Description of the task -> Reproduce word for word every line from the one containing "Mini ventilateur brumisateur" to the final line of the data below; omit the pictures.

*** Collected material Section Begins ***

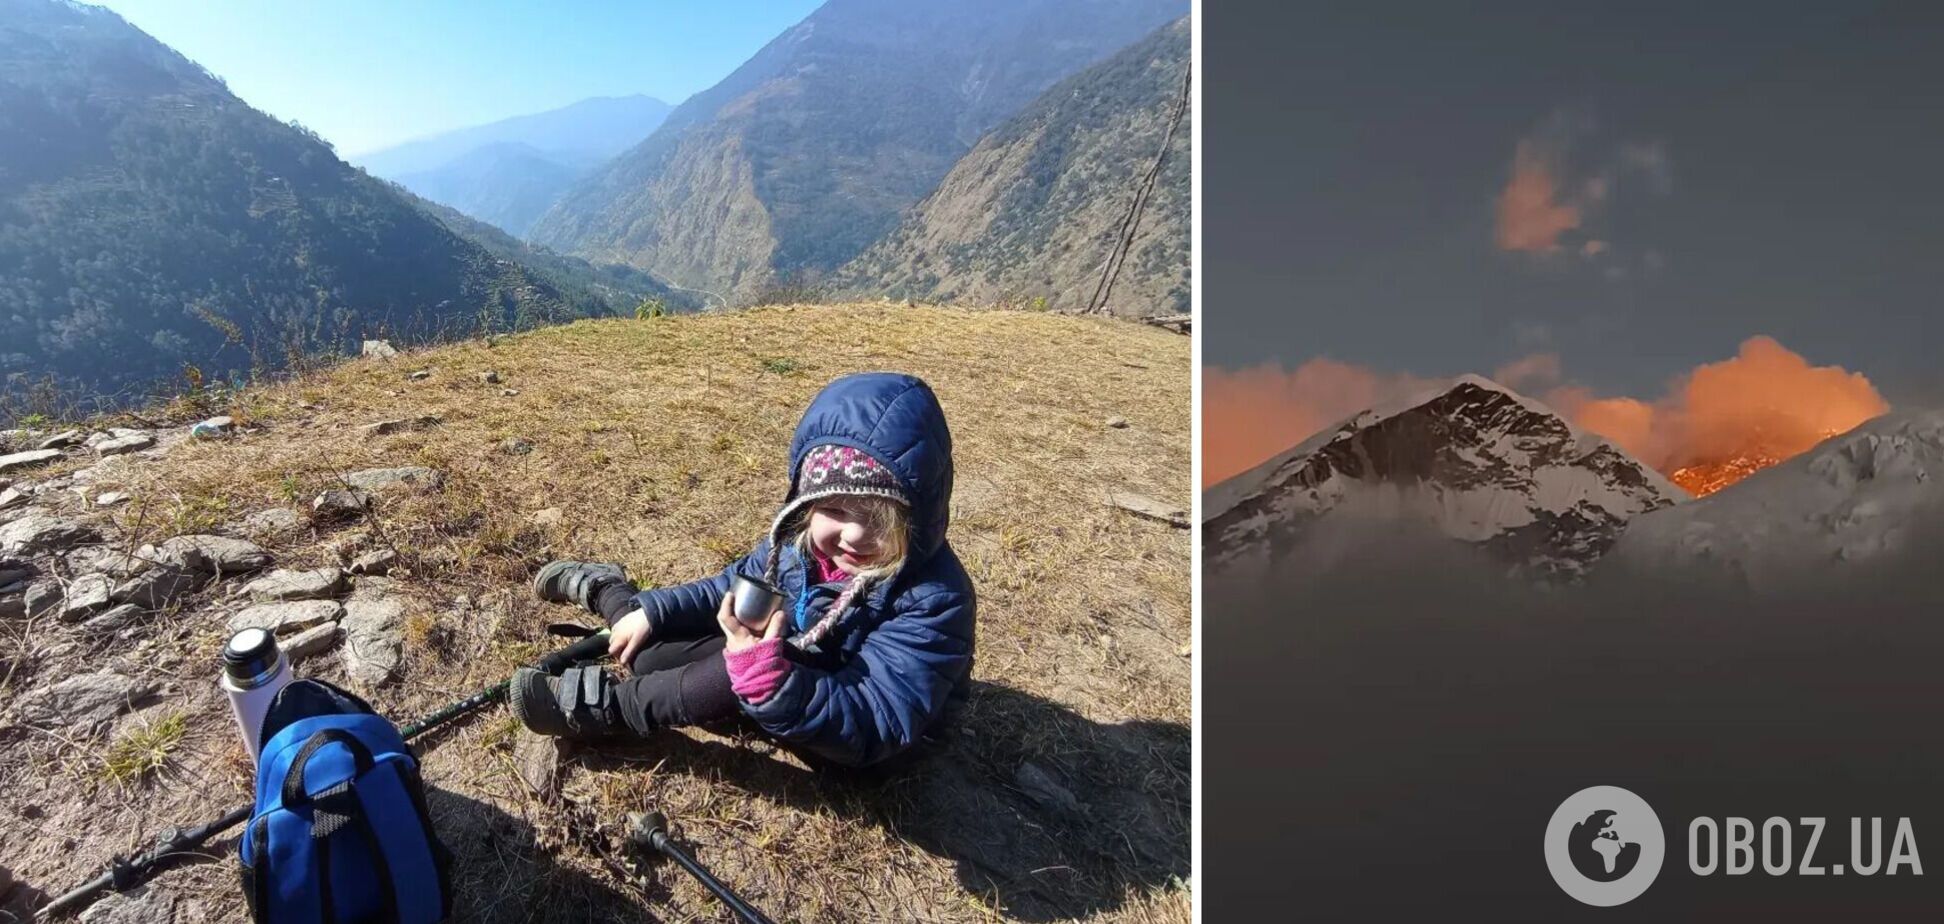 Чотирирічна дівчинка підкорила Еверест, встановивши світовий рекорд: вона піднялася без жодної допомоги. Фото
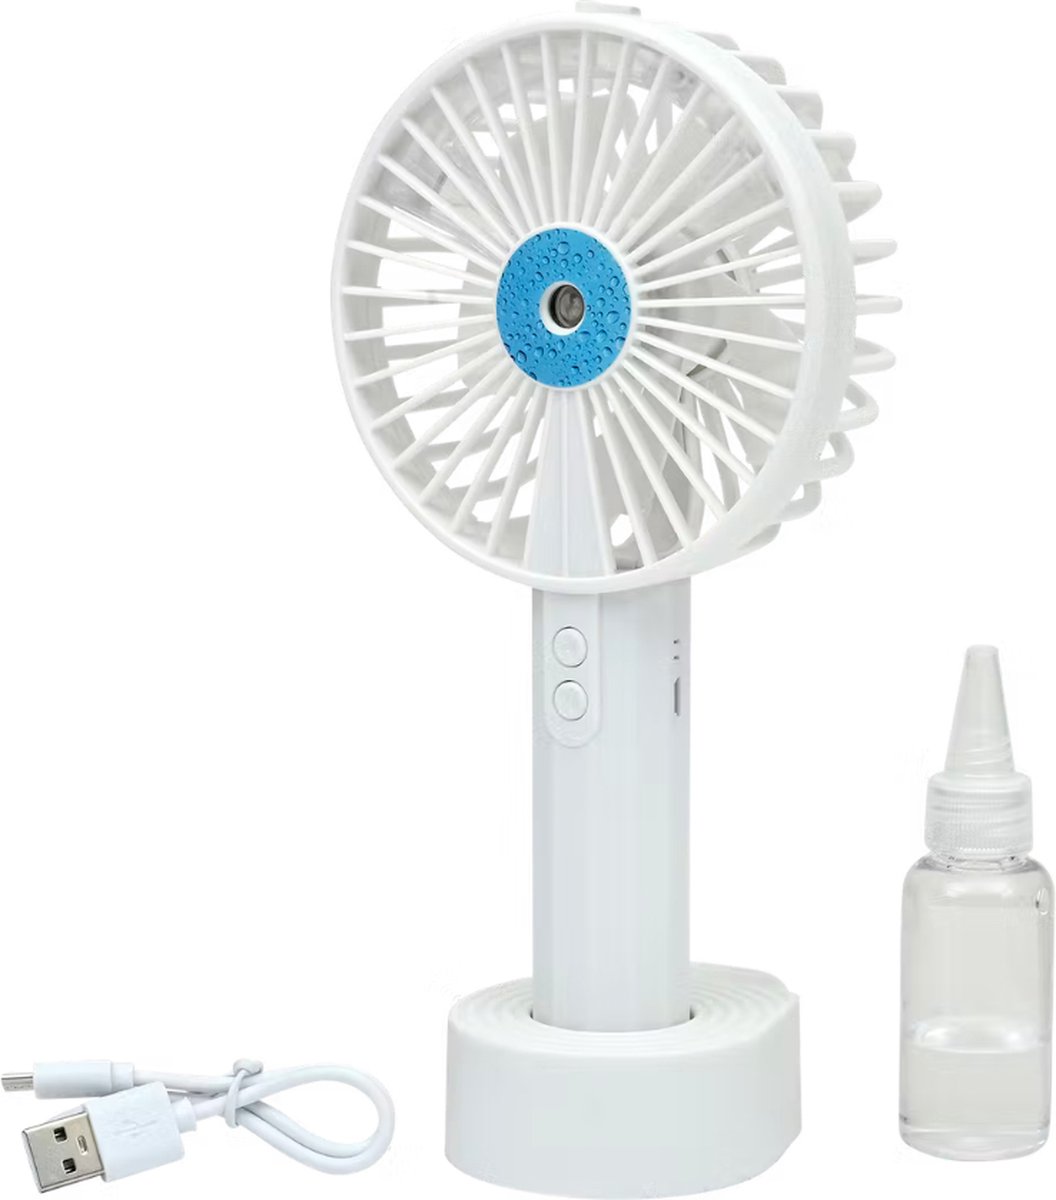 Mini ventilateur brumisateur Bleu : Chez Rentreediscount Cadeaux & Jeux
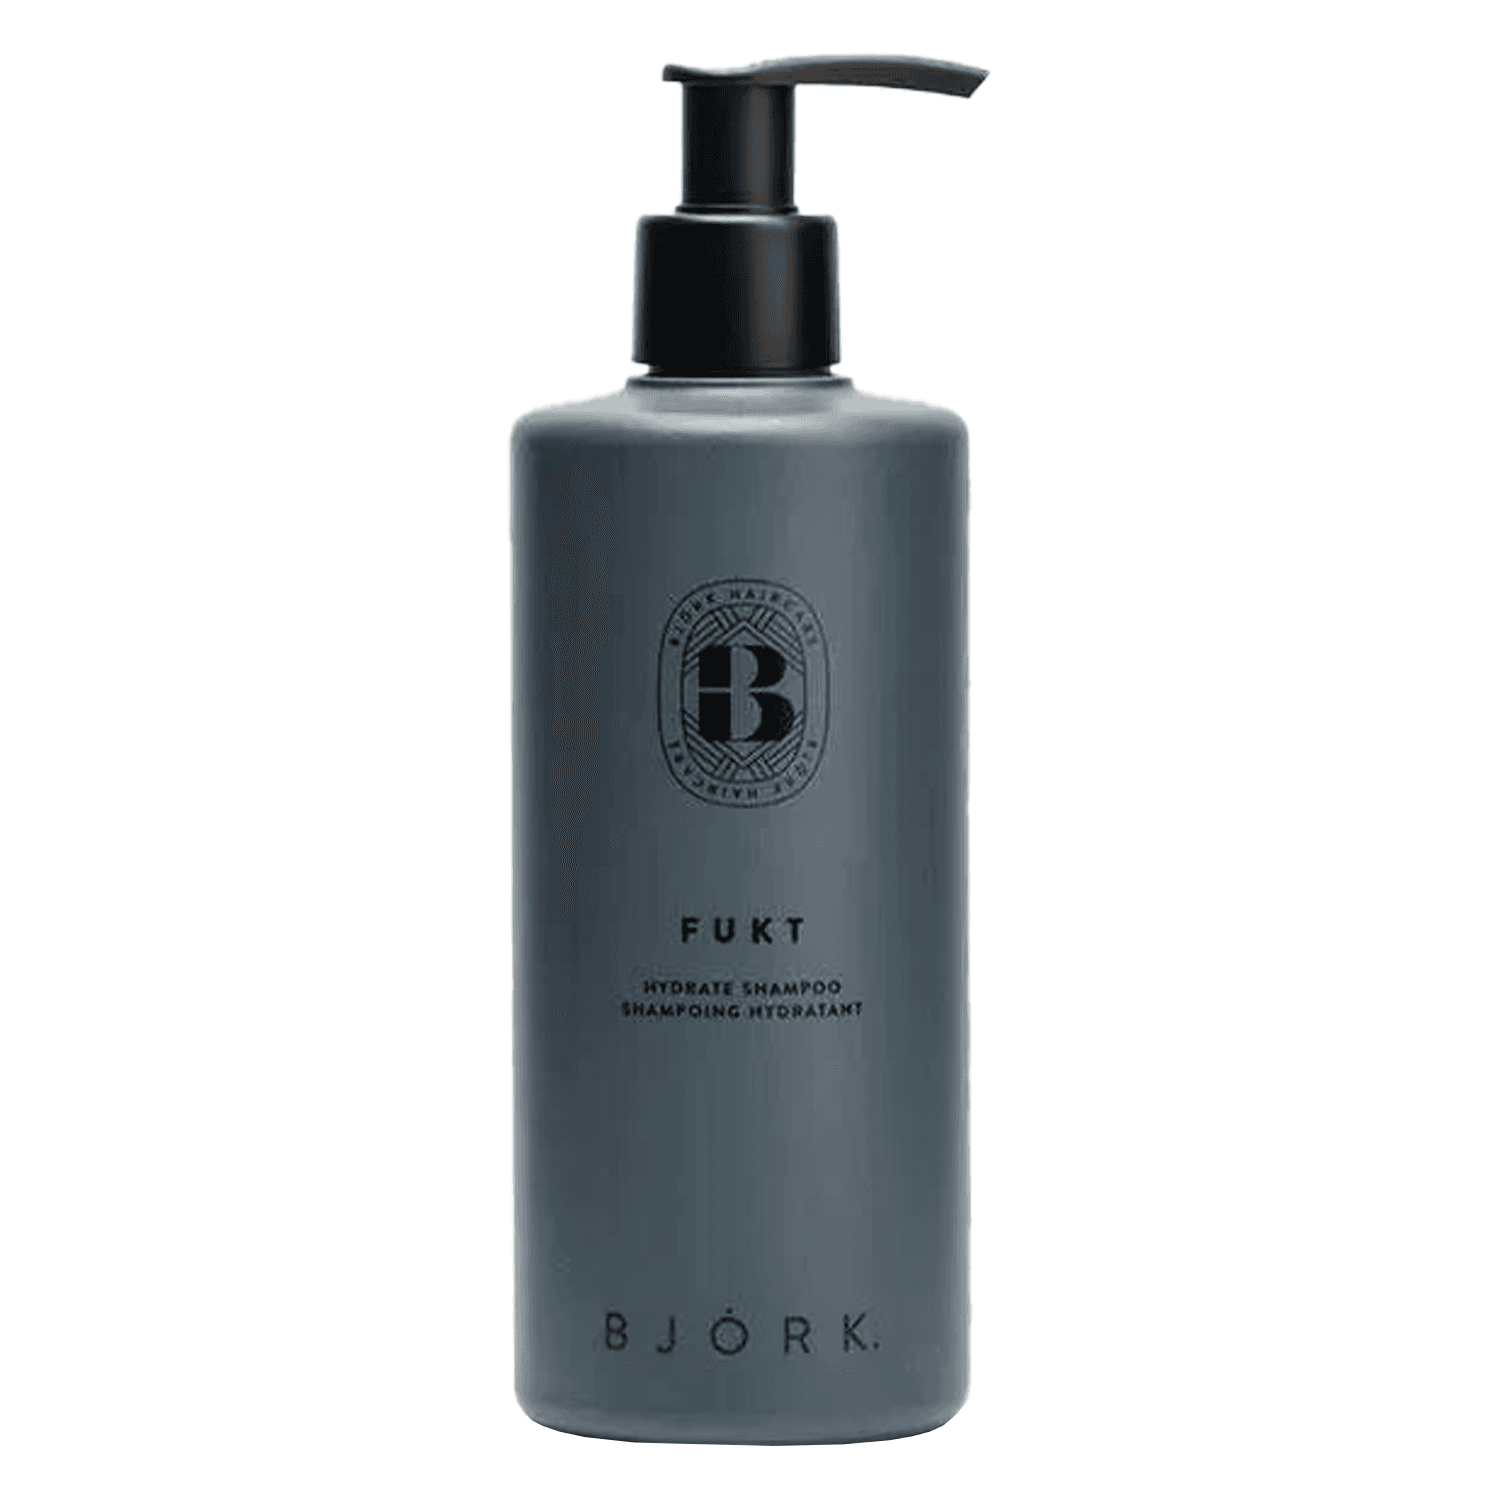 BJÖRK - Fukt Hydrate Shampoo
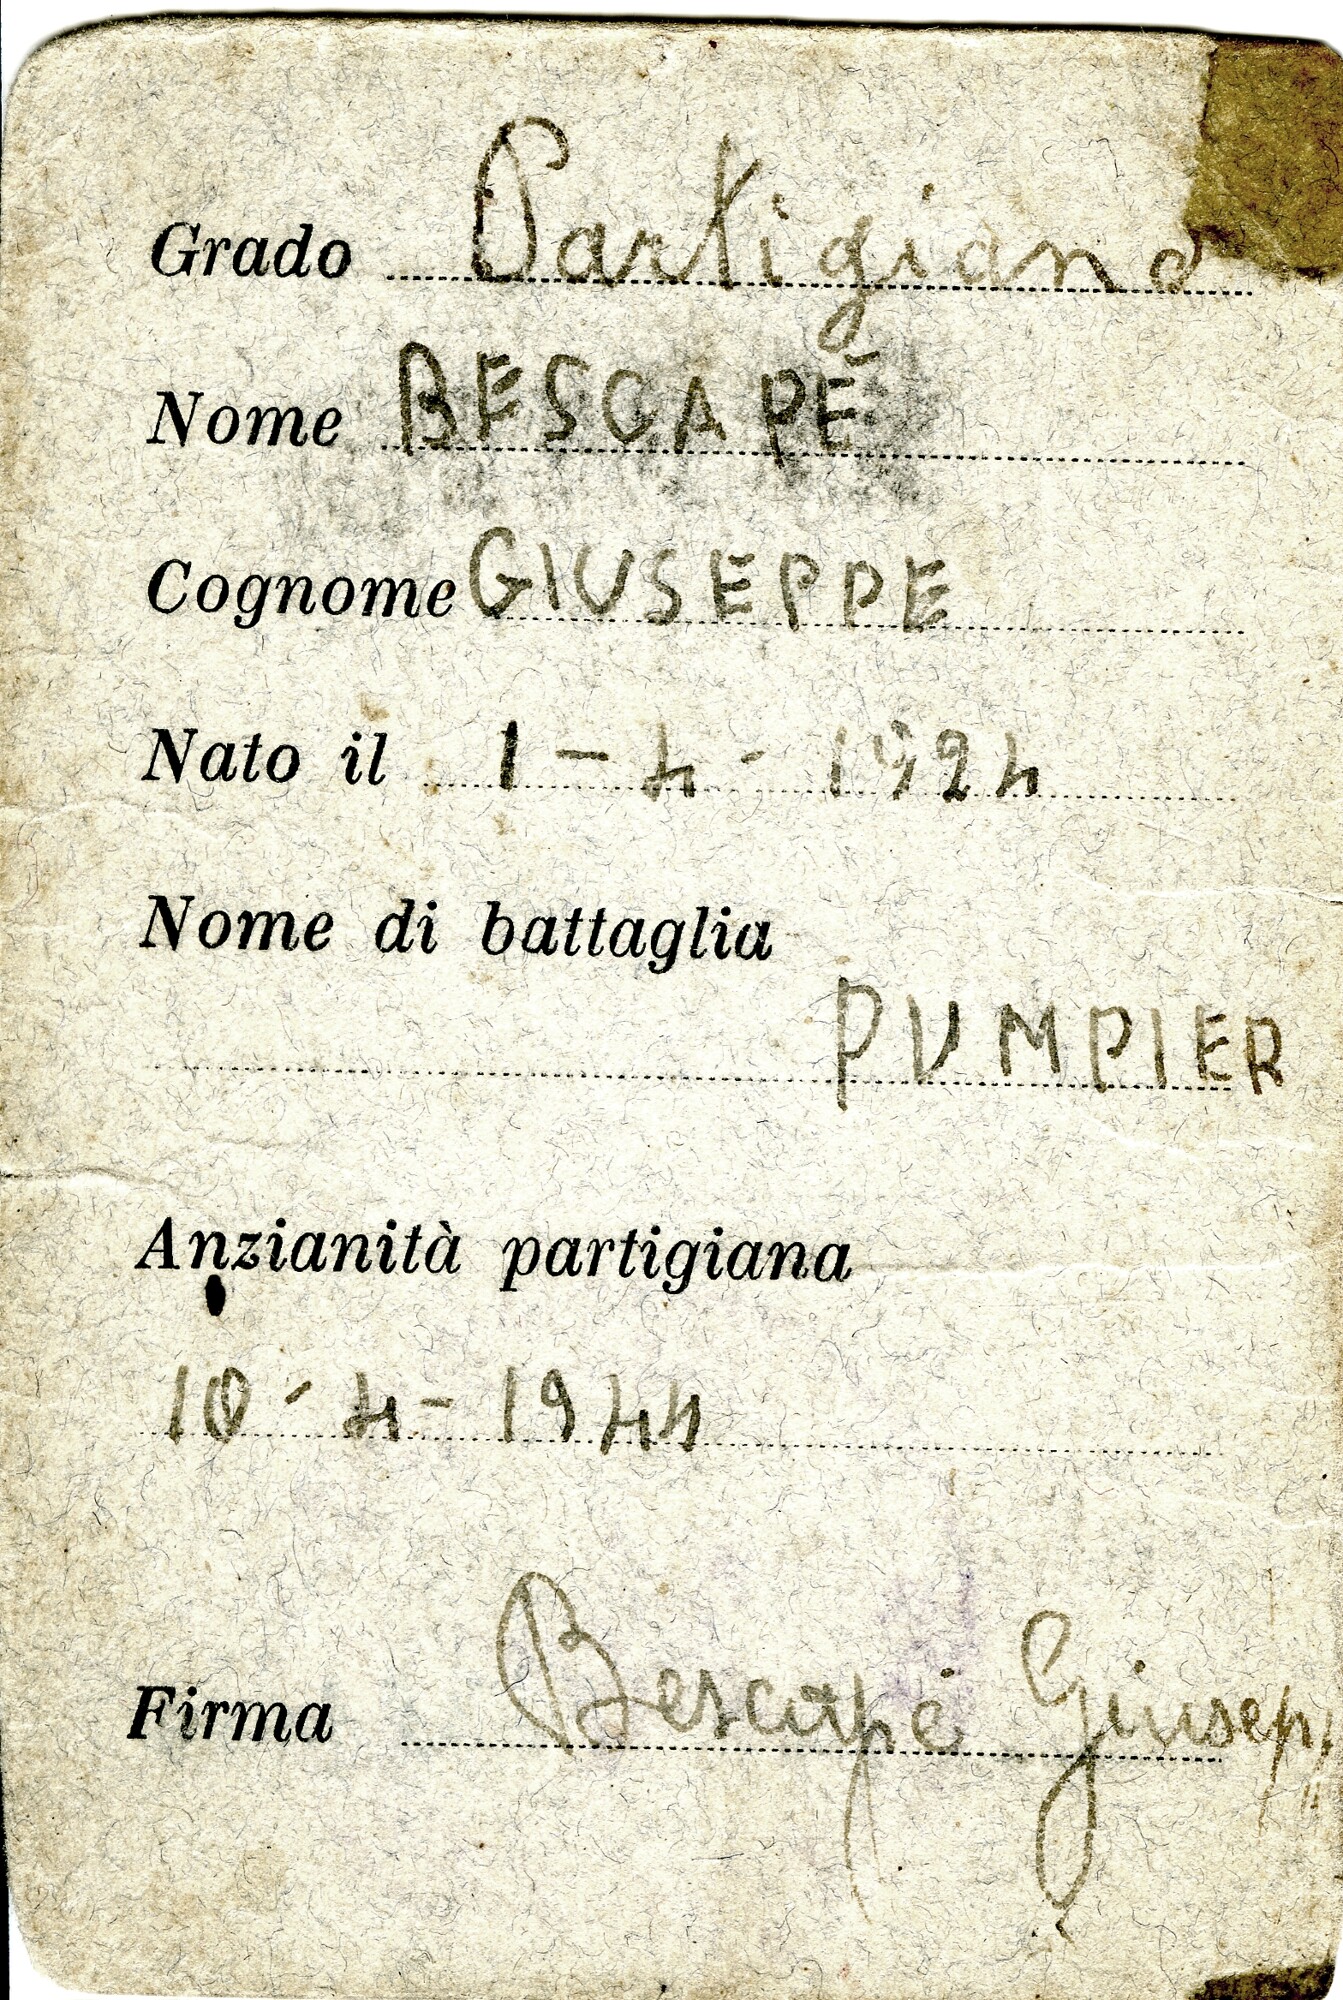 Archivio Bescapé - giuseppe-bescape-documenti-personali-da-partigiano-1.jpg

*** Collected material Section Ends ***

Result of the exercise ->
 Mini ventilateur brumisateur Bleu : Chez Rentreediscount Cadeaux & Jeux
 BJÖRK - Fukt Hydrate Shampoo
 Archivio Bescapé - giuseppe-bescape-documenti-personali-da-partigiano-1.jpg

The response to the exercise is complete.